Thanks to a development history that includes titles like Pillars of Eternity and Neverwinter Nights 2, a new game from Obsidian Entertainment is automatically an event. Specifically, when it looks like it might be a continuation of the designs seen in Obsidian’s Fallout New Vegas, which set a high standard for the Fallout series back in 2010.
The Outer Worlds, a first-person RPG with a rich vein of dark comedy, developed by Obsidian and published by Private Division looks like the spirit of New Vegas reincarnated into a new body. That’s not meant to make the game sound derivative; rather it looks like exactly the sort of title I’d hope to see from Obsidian.
At E3 2019, The Outer Worlds was not playable, but developers walked us through a 20-minute section of the game to introduce some of the key mechanics.
Welcome to Halcyon
Let’s get it out of the way: Since Obsidian developed Fallout: New Vegas, and The Outer Worlds directors Tim Cain and Leonard Boyarsky created Fallout in the first place, there are big expectations that this game is essentially a spiritual continuation of Obsidian’s work on New Vegas.
Indeed, that’s exactly how it seems. Player choice is highlighted as a primary ambition. This is a conversation-heavy RPG, and nearly all the dialogue trees I saw in the E3 demo featured skill checks — often there were multiple skill-based options. One conversation with a vengeful business owner (she’s annoyed about the price of food, and wants the guy who controls the market taken care of) there were options to charm, lie, intimidate and persuade, if you have points in the associated skills. You’ll see skill-based conversation options even if you haven’t put points into that skill, to be reminded of alternate paths.
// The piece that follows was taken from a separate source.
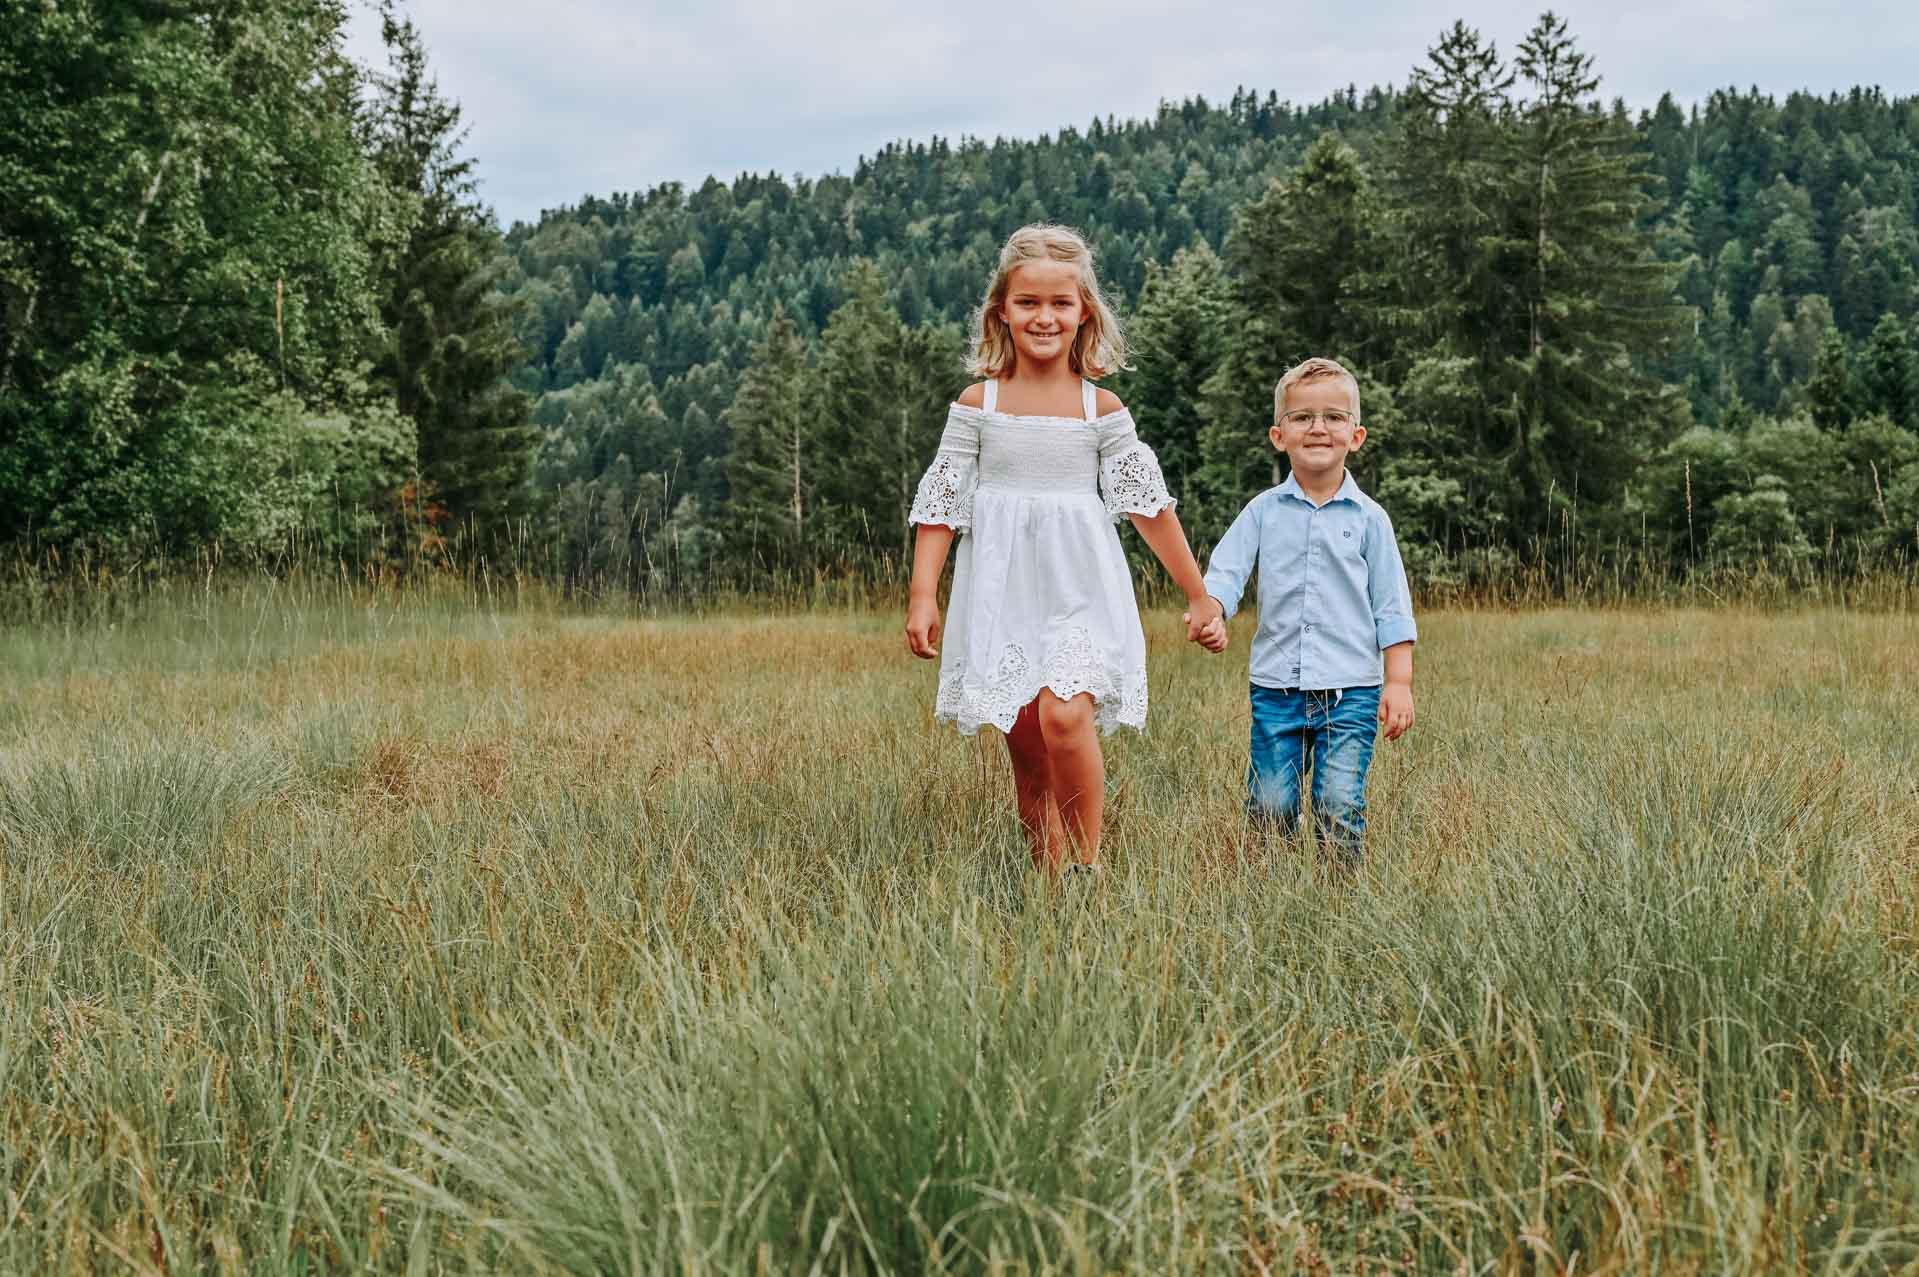 Geschwister-Shooting Emma und niklas

And the player is suffering weird effects from the long period of cryosleep which brought them to this remote colony planet. The condition facilitates what Obsidian calls “tactical time dilation” — which is to say, VATS from Fallout. You can slow time during combat and apply weapon skills to make location-based damage possible. There are weapon mods, and companions who can help in combat, especially if you’ve put points into the Leadership skill.
Not a Company Man
The Outer Worlds takes place on a set of moons and planets collectively called Halycon, a colony way out on the edge of the galaxy. The demo takes place on Monarch, where a terraforming experiment gone awry enhanced and mutated all the local flora and fauna instead of wiping them out. More specifically, it begins in a haven for smugglers and cutthroat entrepreneurs where “Deadwood’s” Al Swearengen would feel right at home.
The chief foodstuff drops from the cystipig, a scientifically created farm animal which drops bacon-flavored tumors. One man, Clive, has a monopoly on this disgusting but nutritious beast. He can be killed or bargained with; there’s even the option to attempt to broker a deal between Clive and the woman who wanted him gone in the first place.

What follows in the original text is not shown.